= Shi Yuguang =

Chinese mathematician

Shi Yuguang (史宇光; born 1969, Yinxian, Zhejiang) is a Chinese mathematician at Peking University. His areas of research are geometric analysis and differential geometry.

He was awarded the ICTP Ramanujan Prize in 2010, for "outstanding contributions to the geometry of complete (noncompact) Riemannian manifolds, specifically the positivity of quasi-local mass and rigidity of asymptotically hyperbolic manifolds."

He earned his Ph.D. from the Chinese Academy of Sciences in 1996 under the supervision of Ding Weiyue.

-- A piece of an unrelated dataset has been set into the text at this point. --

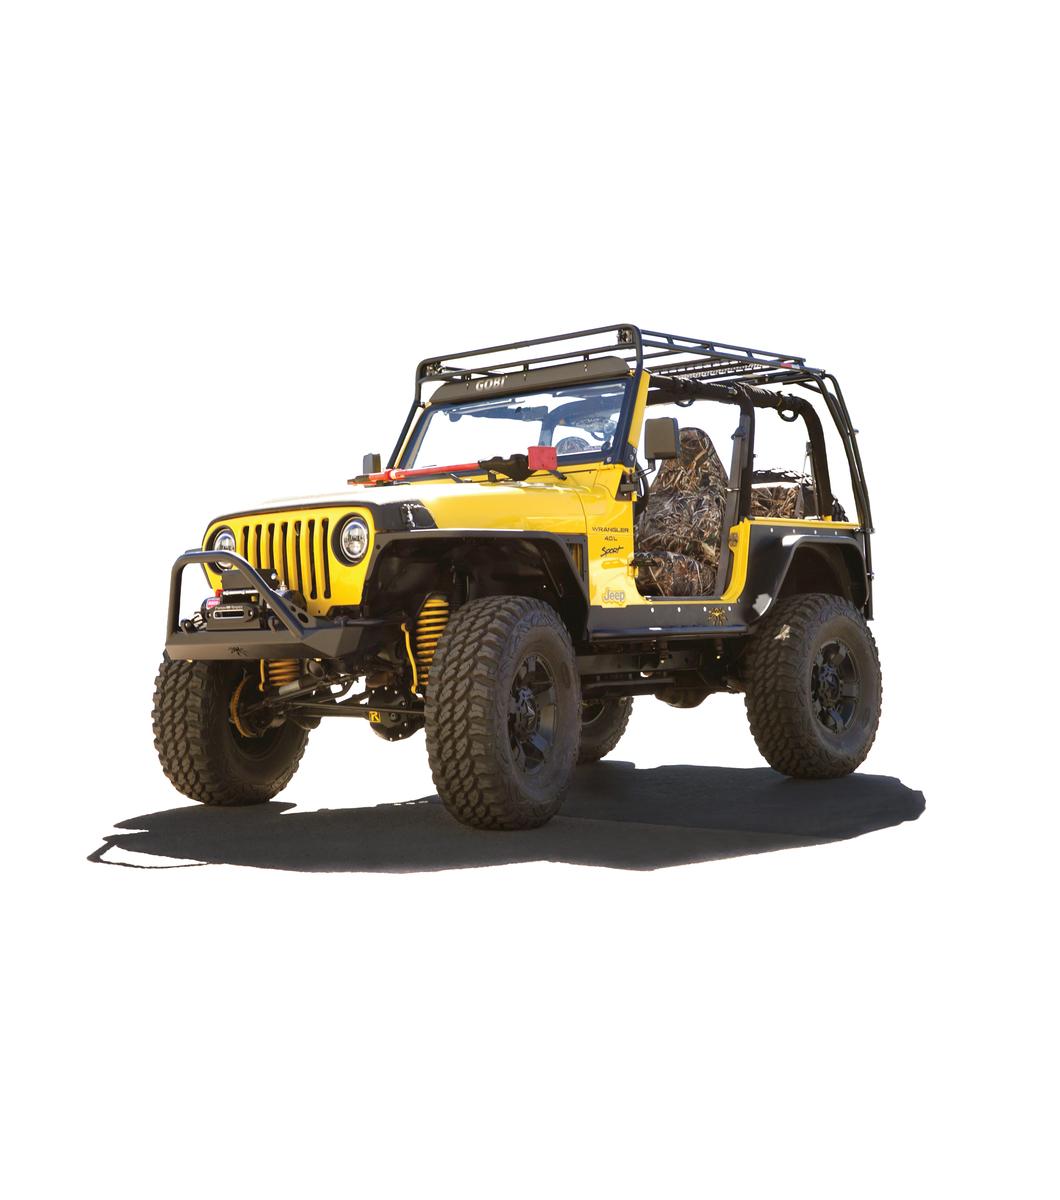 Gobi Jeep Tj Stealth Rack Lightbar Setup With Sunroof

==Technical contributions==
Shi is well-known for his foundational work with Luen-Fai Tam on compact and smooth Riemannian manifolds-with-boundary whose scalar curvature is nonnegative and whose boundary is mean-convex. In particular, if the manifold has a spin structure, and if each connected component of the boundary can be isometrically embedded as a strictly convex hypersurface in Euclidean space, then the average value of the mean curvature of each boundary component is less than or equal to the average value of the mean curvature of the corresponding hypersurface in Euclidean space.

This is particularly simple in three dimensions, where every manifold has a spin structure and a result of Louis Nirenberg shows that any positively-curved Riemannian metric on the two-dimensional sphere can be isometrically embedded in three-dimensional Euclidean space in a geometrically unique way. Hence Shi and Tam's result gives a striking sense in which, given a compact and smooth three-dimensional Riemannian manifold-with-boundary of nonnegative scalar curvature, whose boundary components have positive intrinsic curvature and positive mean curvature, the extrinsic geometry of the boundary components are controlled by their intrinsic geometry. More precisely, the extrinsic geometry is controlled by the extrinsic geometry of the isometric embedding uniquely determined by the intrinsic geometry.

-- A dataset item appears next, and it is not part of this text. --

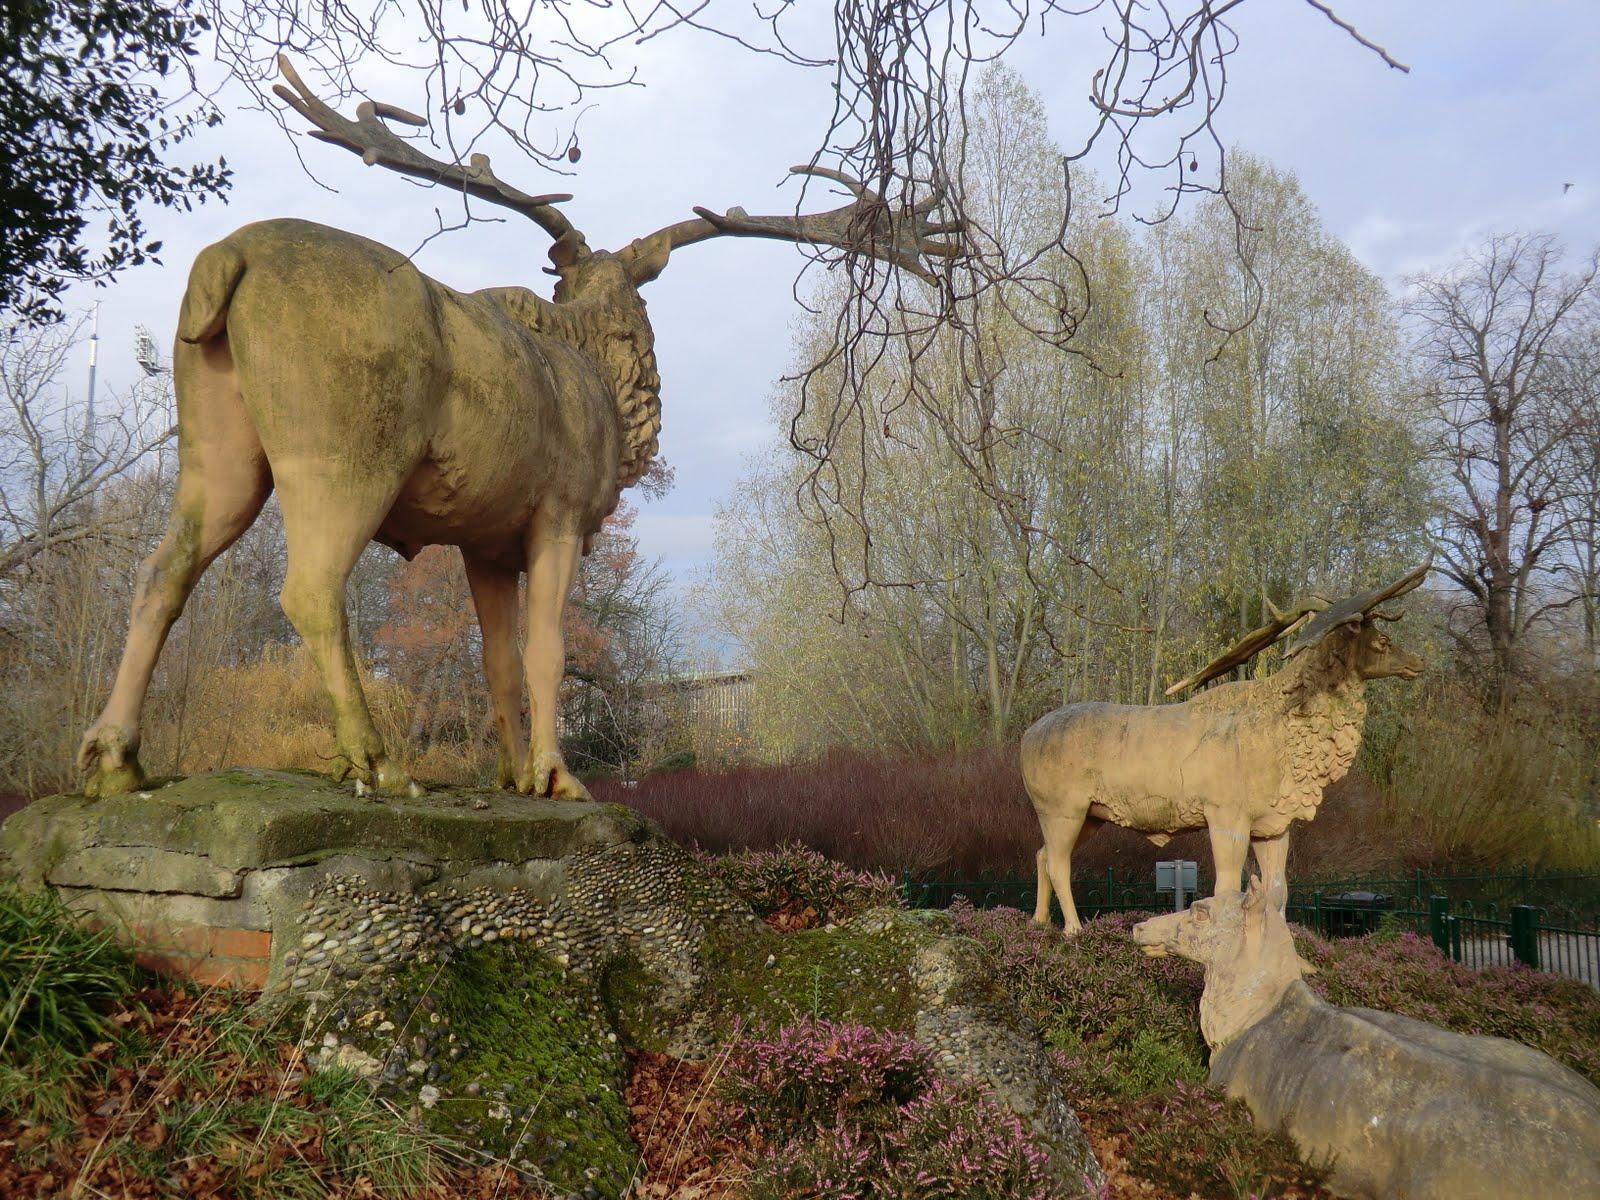 CIMG4971 Megaloceros, Crystal Palace Park

Shi and Tam's proof adopts a method, due to Robert Bartnik, of using parabolic partial differential equations to construct noncompact Riemannian manifolds-with-boundary of nonnegative scalar curvature and prescribed boundary behavior. By combining Bartnik's construction with the given compact manifold-with-boundary, one obtains a complete Riemannian manifold which is non-differentiable along a closed and smooth hypersurface. By using Bartnik's method to relate the geometry near infinity to the geometry of the hypersurface, and by proving a positive energy theorem in which certain singularities are allowed, Shi and Tam's result follows.

From the perspective of research literature in general relativity, Shi and Tam's result is notable in proving, in certain contexts, the nonnegativity of the Brown-York quasilocal energy of J. David Brown and James W. York. The ideas of Shi−Tam and Brown−York have been further developed by Mu-Tao Wang and Shing-Tung Yau, among others.

== Major publication ==
- Yuguang Shi and Luen-Fai Tam. Positive mass theorem and the boundary behaviors of compact manifolds with nonnegative scalar curvature. J. Differential Geom. 62 (2002), no. 1, 79–125.